64-bit microprocessor architectures for which processors are currently being manufactured (as of January 2011) include:

  • The 64-bit extension created by AMD to Intel's x86 architecture (later licensed by Intel); commonly known as "x86-64", "AMD64", or "x64":
    • AMD's AMD64 extensions (used in Athlon 64, Opteron, Sempron, Turion 64, Phenom, Athlon II and Phenom II processors)
    • Intel's Intel 64 extensions (used in newer Celeron, Pentium, and Xeon processors, in Intel Core 2/i3/i5/i7 processors, and in some Atom processors)
    • VIA Technologies' 64-bit extensions, used in the VIA Nano processors
  • The 64-bit version of the Power Architecture:
    • IBM's POWER6 and POWER7 processors
    • IBM's PowerPC 970 processor
    • The Cell Broadband Engine used in the PlayStation 3, designed by IBM, Toshiba and Sony, combines a 64-bit Power architecture processor with seven or eight Synergistic Processing Elements.
    • IBM's "Xenon" processor used in the Microsoft Xbox 360 comprises three 64-bit PowerPC cores.

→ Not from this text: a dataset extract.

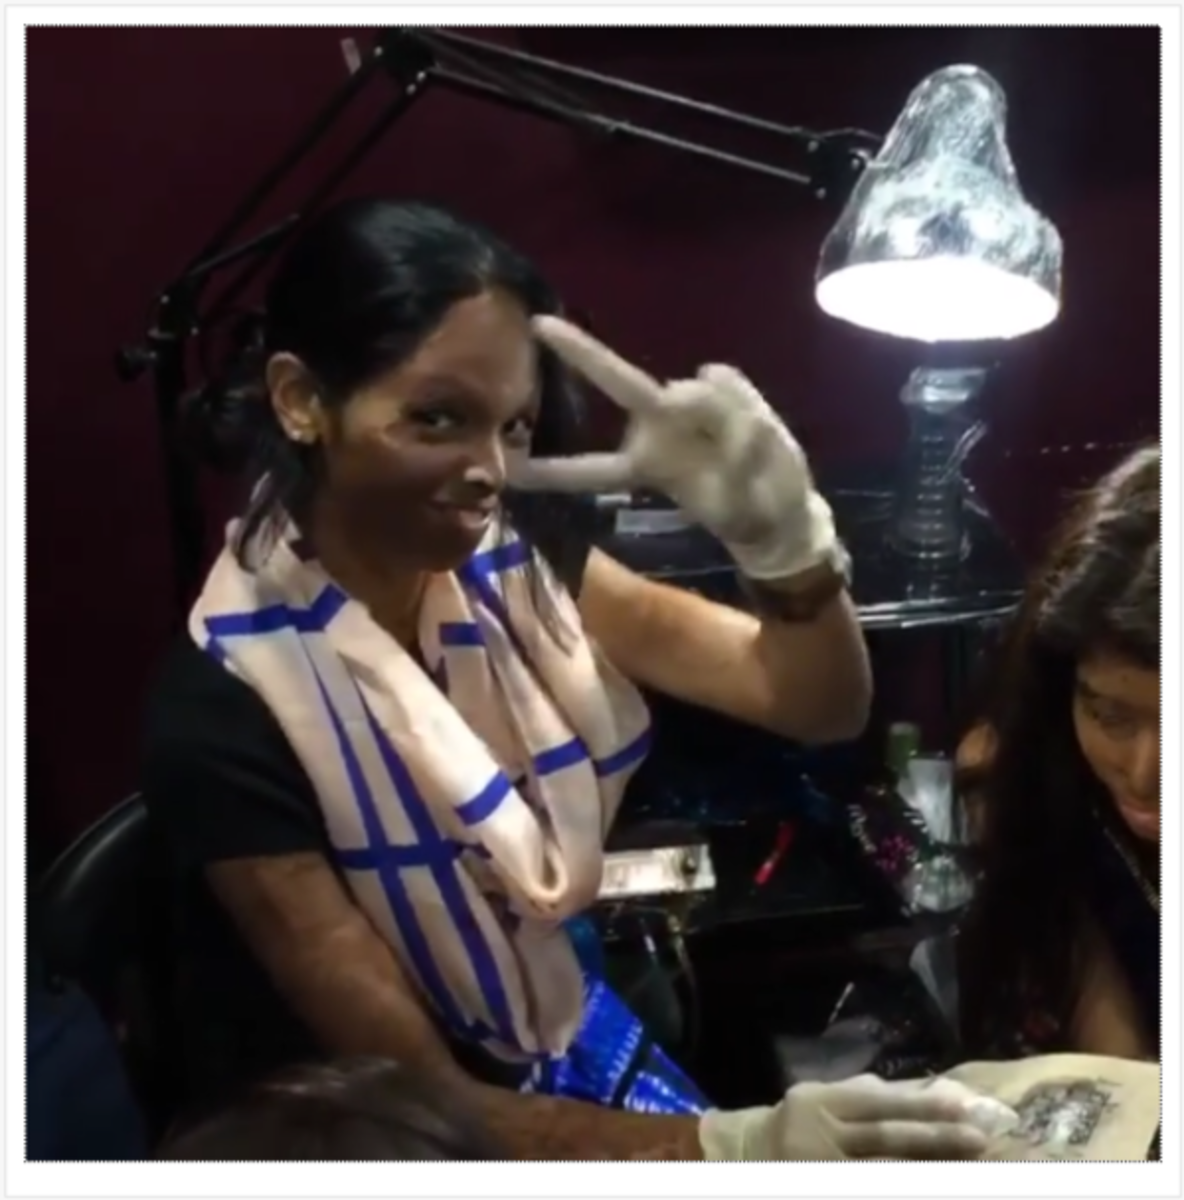 Εκτός από την προπόνησή της, η Laxmi μπόρεσε να βρει λίγο χρόνο για να κάνει τατουάζ η ίδια. Είχε τατουάζ τη λέξη Freedom στο αντιβράχιο της. Είπε σε δημοσιογράφο του bbc: «Κάνω ένα τατουάζ με νόημα που συνδέεται με την ψυχή μου. Είναι συμβολικό για την ελευθερία γιατί θέλω να δείξω στην κοινωνία τι είναι η ελεύθερη βούληση και τι σημαίνει για εμάς η γνώμη. Αυτό το εργαστήριο καριέρας τατουάζ είναι σύμφωνο με αυτό που προσπαθούμε και ως εκ τούτου είμαστε στην ευχάριστη θέση να συνεργαστούμε ».

  • SPARC V9 architecture:
    • Sun's UltraSPARC processors
    • Fujitsu's SPARC64 processors
  • IBM's z/Architecture, a 64-bit version of the ESA/390 architecture, used in IBM's eServer zSeries and System z mainframes
  • Intel's IA-64 architecture (used in Itanium processors)
  • MIPS Technologies' MIPS64 architecture
  • MMIX

Most 64-bit processor architectures that are derived from 32-bit processor architectures can execute code for the 32-bit version of the architecture natively without any performance penalty. This kind of support is commonly called bi-arch support or more generally multi-arch support.